Inventive Principle:
Principle #10Preliminary action

3Productivity

If feature combination data is extracted and evaluated using multivariate models, then productivity of anomaly detection is improved, but use of energy increases

Engineering Contradiction:
Improveanomaly detection efficiencyVSAvoidcomputational energy consumption
Core Design Contradiction:
ProductivityVSUse of energy by moving object

Solution Approach 1:

The system applies partial action by selecting and applying only the necessary anomaly detection functions based on the specific feature combinations being analyzed.

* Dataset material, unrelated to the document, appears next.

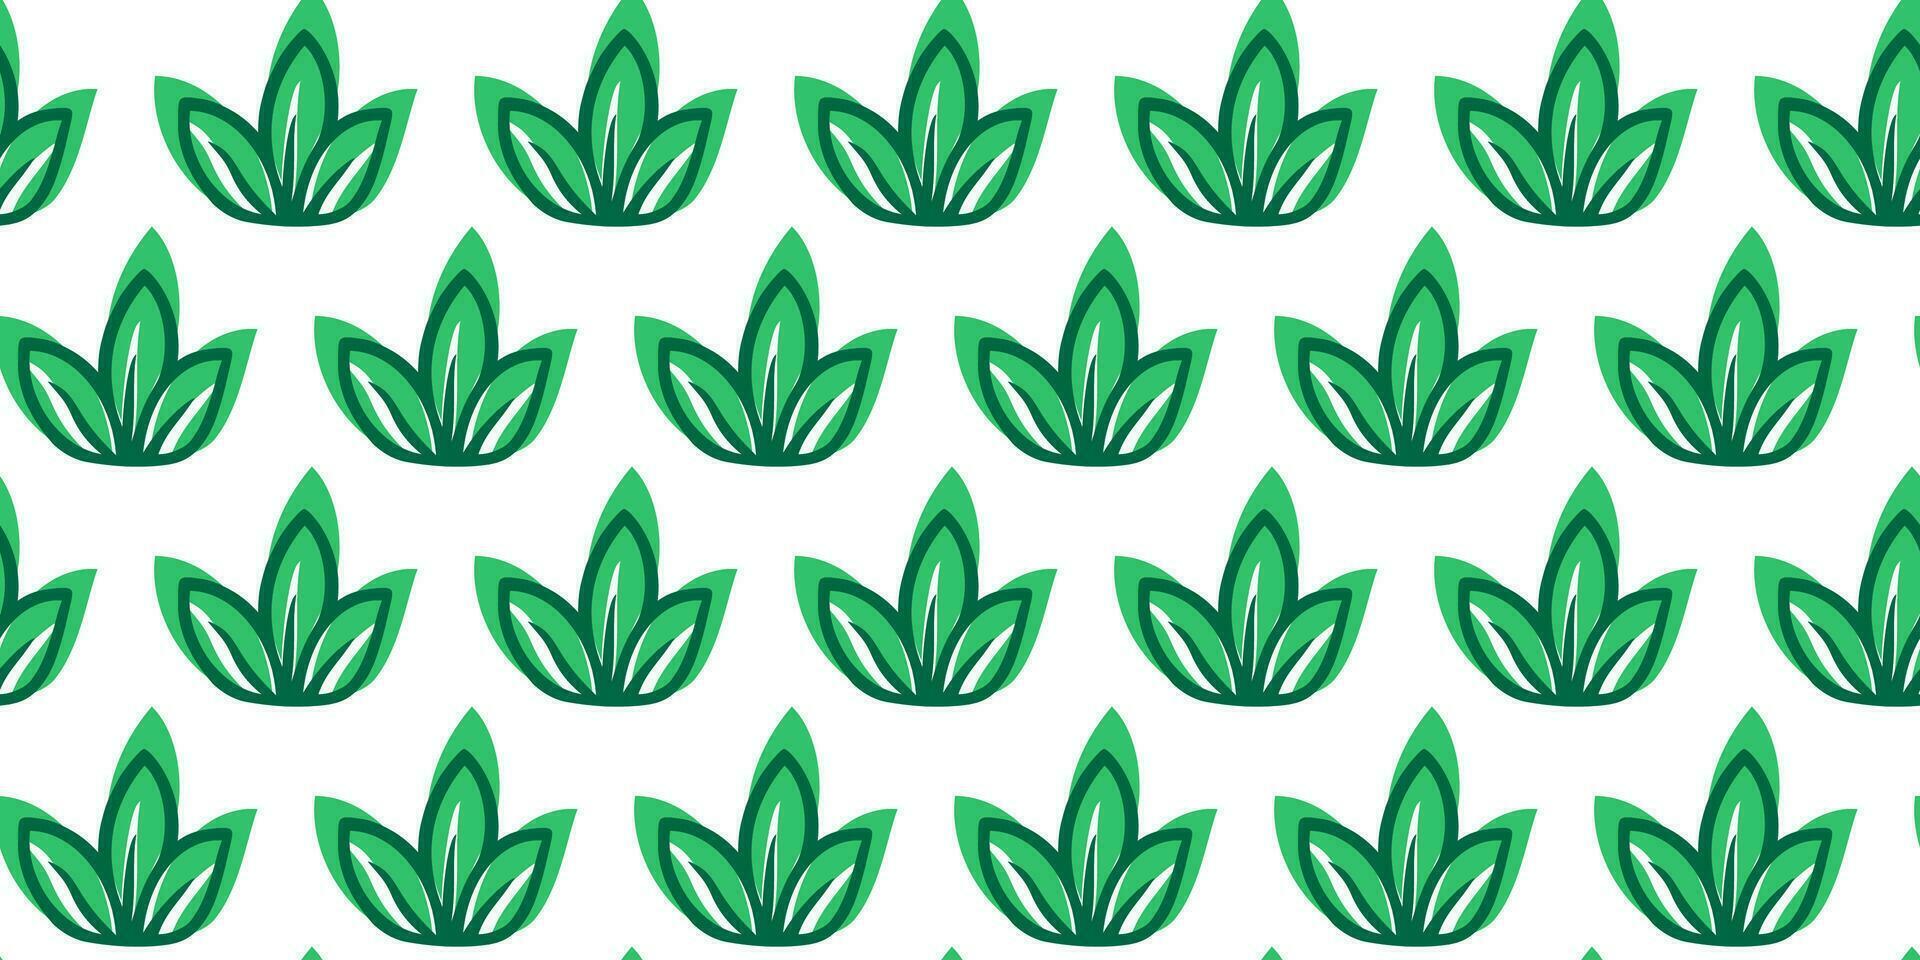 Green Fresh Grass Seamless Pattern. Vector Doodle Plant Background. Spring Microgreens Wallpaper. Microgreen Design for Wrapping Paper or Fabric Swatch

Rather than running all possible multivariate models continuously, the system selectively applies bivariate, trivariate, or other models only when relevant feature combinations are present, improving productivity while reducing unnecessary energy consumption from excessive computational operations.

Inventive Principle:
Principle #16Partial or excessive action

Data Source

PatentUS10553046B2Vehicle prognostics and remedial response
Publication Date: 2020.02.04 GM GLOBAL TECHNOLOGY OPERATIONS LLC
  • US10553046B2 patent drawing
  • US10553046B2 patent drawing
  • US10553046B2 patent drawing

AI summary

A system and method of method of carrying out a remedial action in response to a vehicle prognosis, the method including: receiving vehicle feature data from a vehicle; extracting a plurality of feature combination data from the vehicle feature data, wherein each of the feature combination data pertains to a feature combination, wherein each of the feature combinations includes two or more vehicle features; for each extracted feature combination data, then: (i) evaluating the extracted feature combination data using an anomaly detection function based on a multivariate distribution mixture model; and (ii) obtaining an anomaly detection score for each extracted feature combination based on the evaluating step; determining a vehicle subsystem that comprises a portion of vehicle electronics installed on the vehicle and that is likely experiencing a problem or unusual behavior based on the anomaly detection scores; and carrying out a remedial action in response to the determining step.